PR readiness is mandatory. You MUST keep iterating until the PR is fully ready. A PR is fully ready only when: (1) Codex explicitly approves, (2) all Codex review threads are resolved, and (3) all required CI checks pass. You MUST NOT report success or stop the loop before these conditions are met.
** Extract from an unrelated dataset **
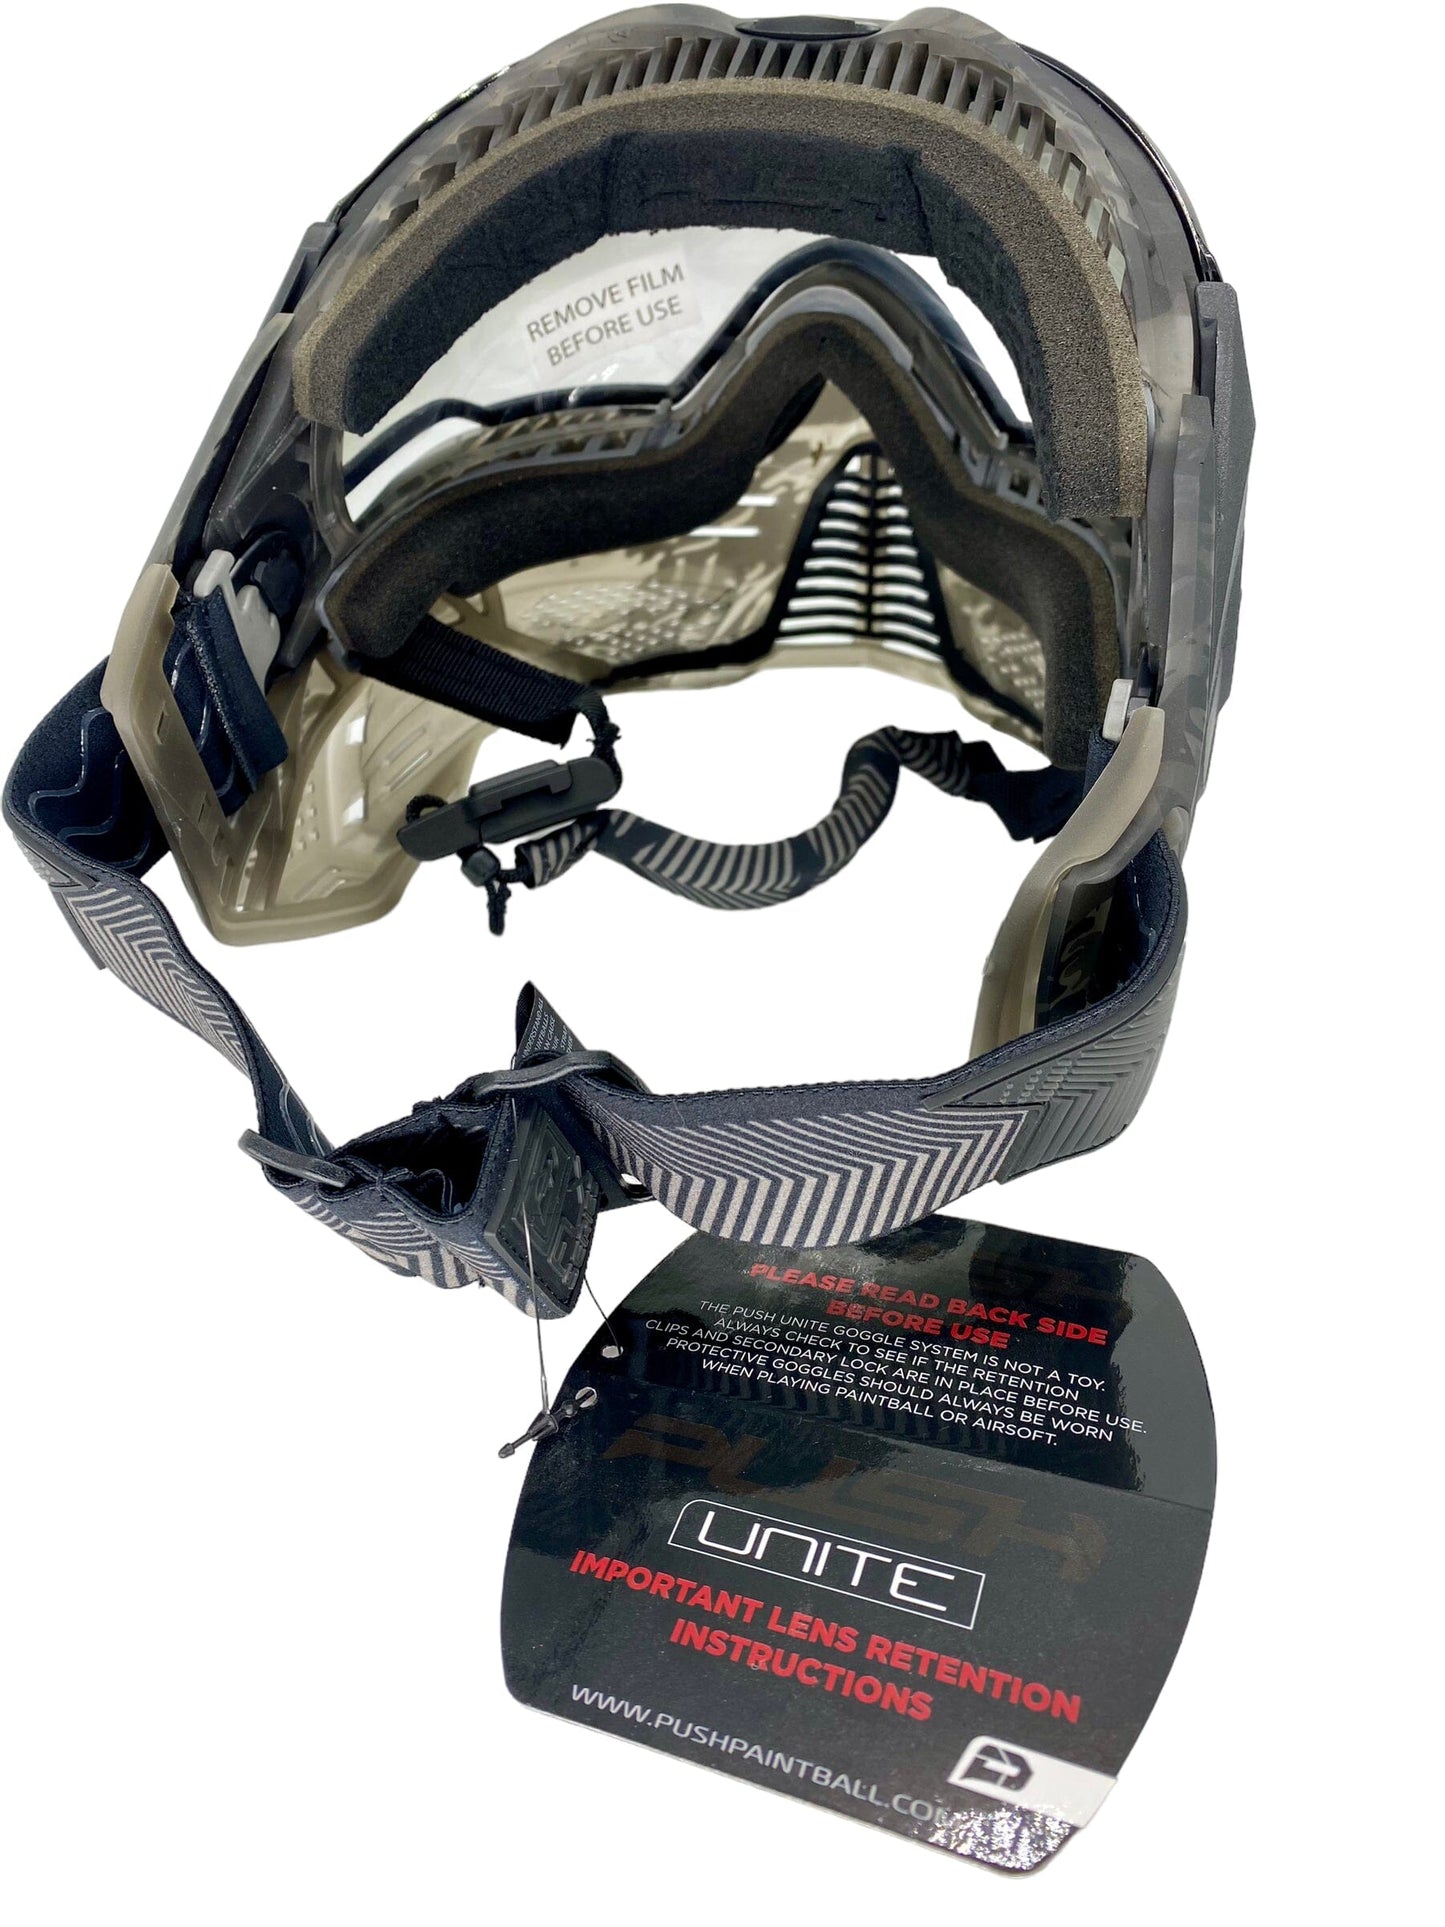 Used Brand New Push Unite Paintball Mask CPXBrosPaintball 
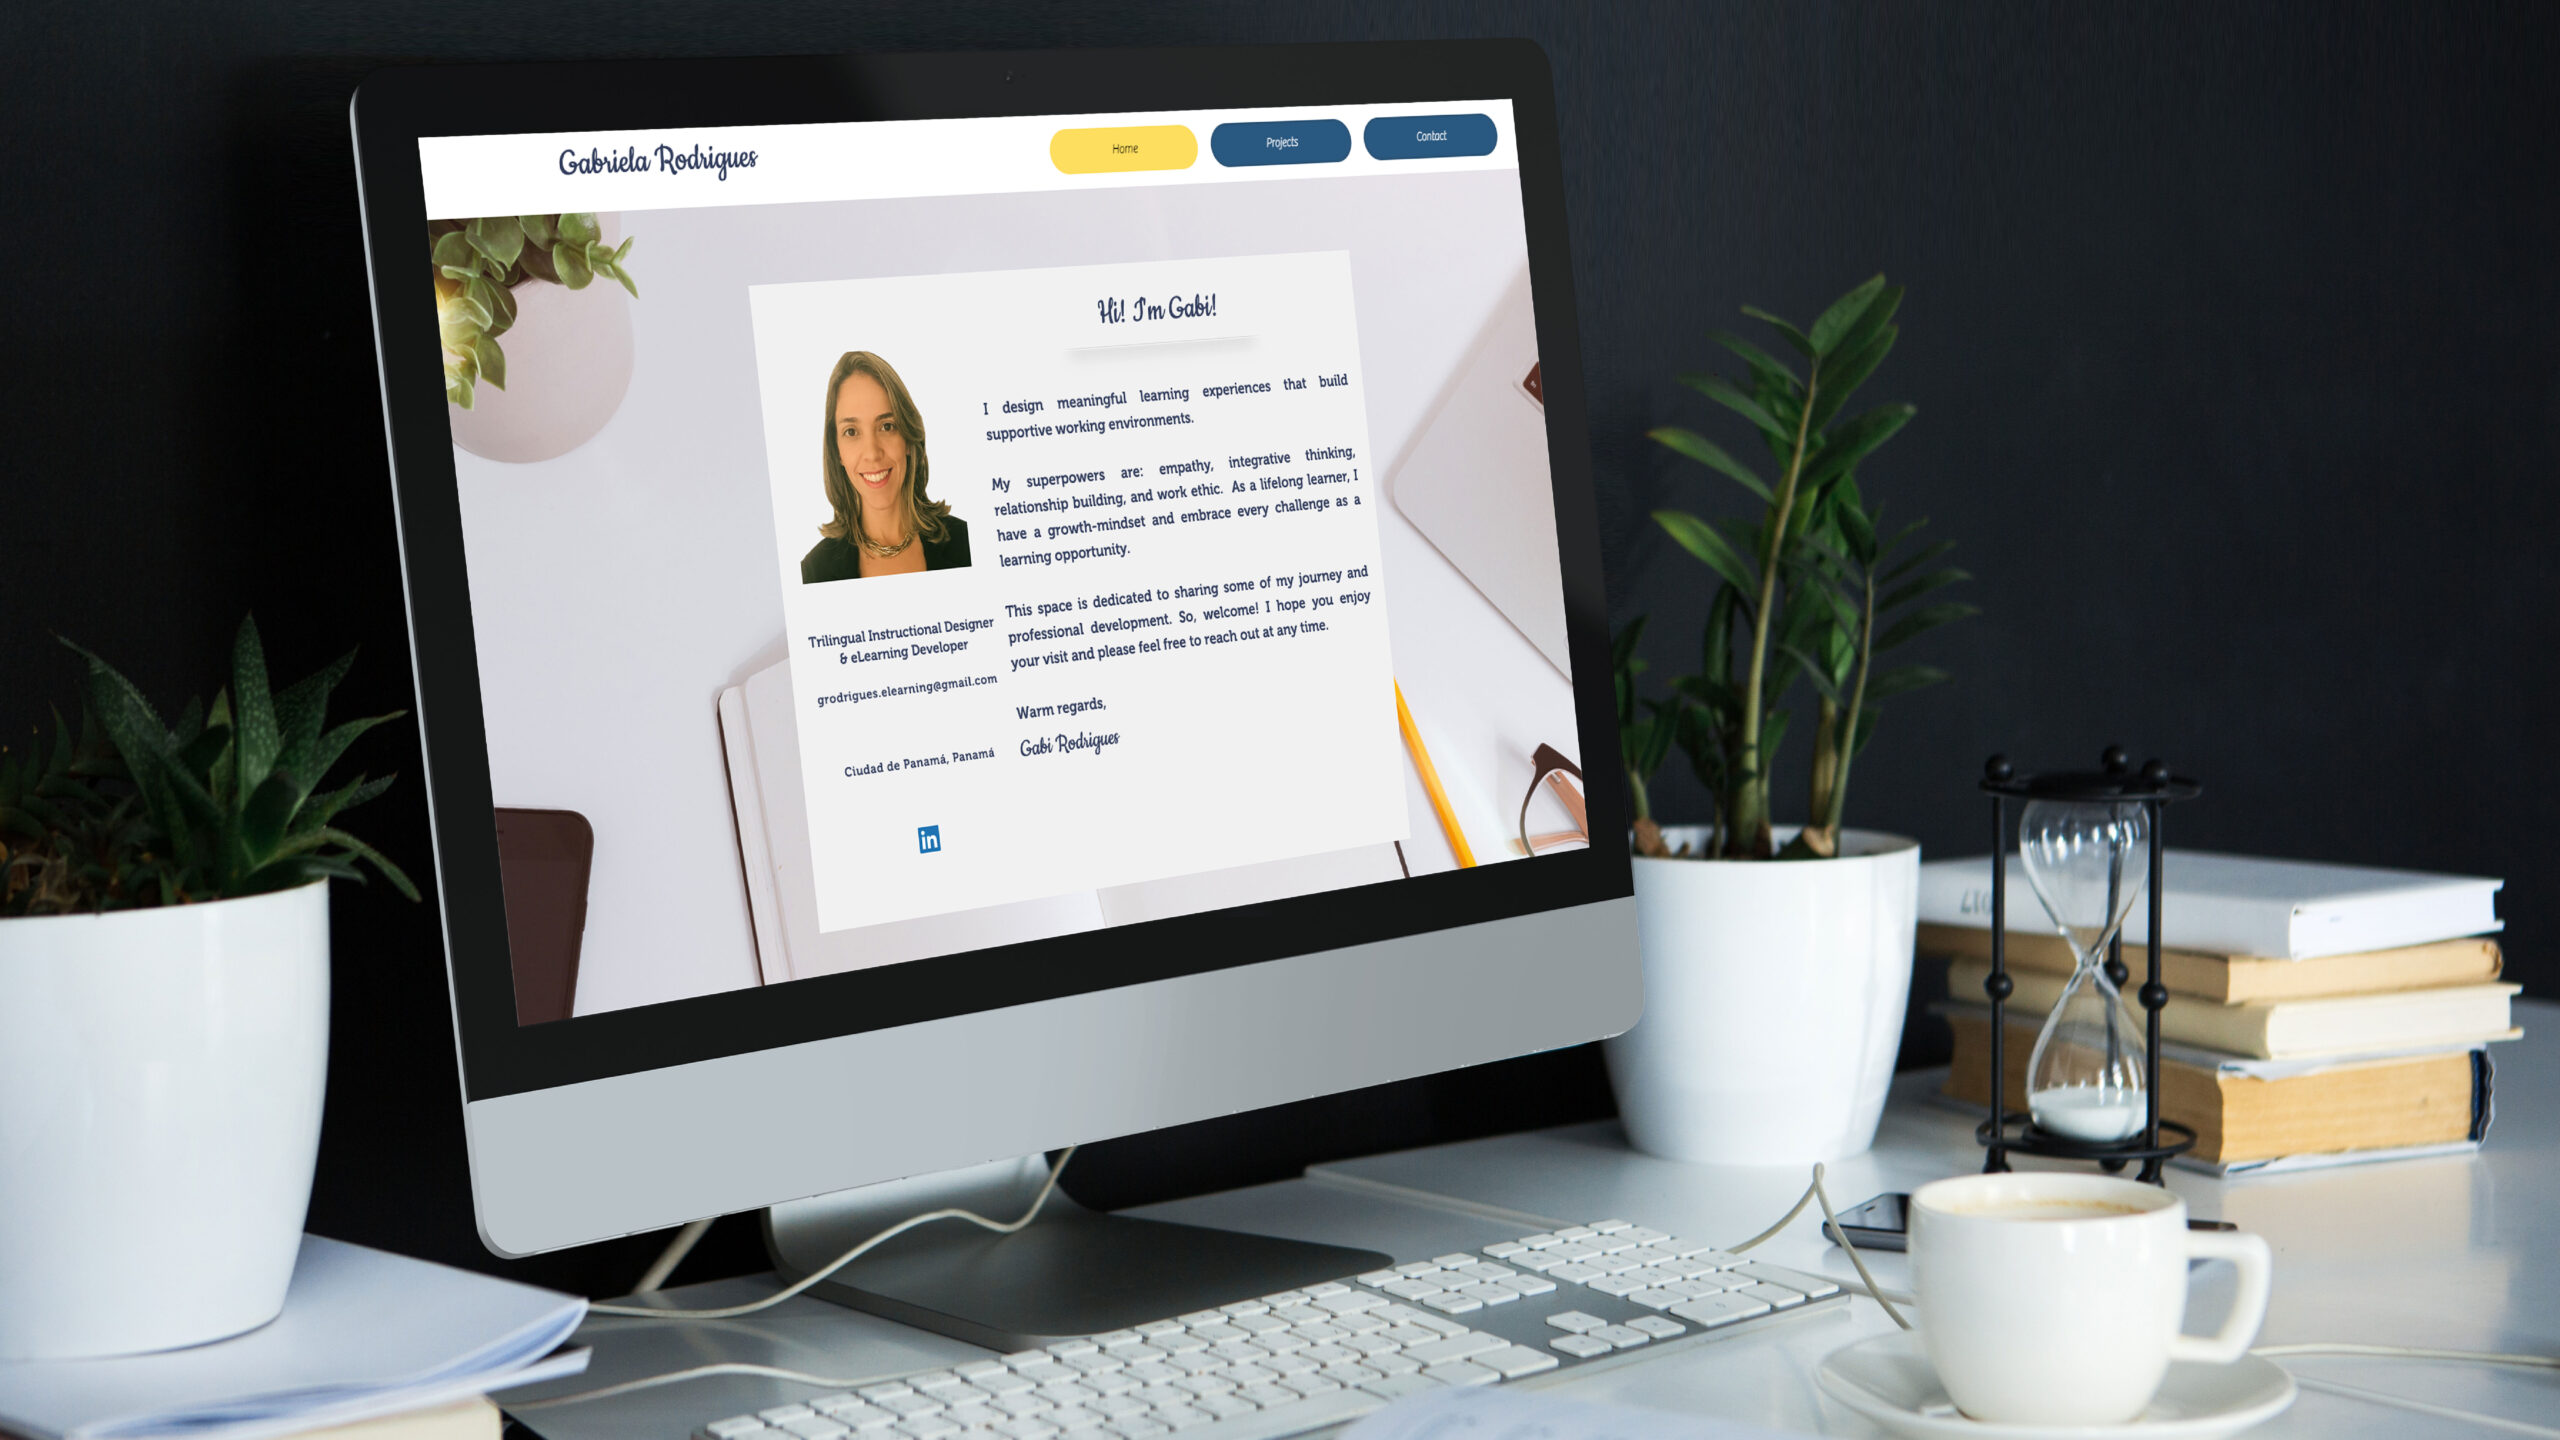 Gabi Rodrigues's Student Story | The eLearning Designer's Academy by Tim Slade

When a PR exists, you MUST remain in this loop until the PR is fully ready:
- Push your latest fixes.
- Run local validation (
make verify-vendor,make test,make build,make lint). - Request review with
@codex review. - Run
./scripts/wait_pr_ready.sh <pr_number>(it polls Codex + required checks concurrently and fails fast). - If Codex leaves comments, address them, resolve threads with
./scripts/resolve_pr_comment.sh <thread_id>, push, and repeat. - If checks/mergeability fail, fix issues locally, push, and repeat.
The only early-stop exception is when the reviewer is clearly misunderstanding the intended change and further churn would be counterproductive. In that case, leave a clarifying PR comment and pause for human direction.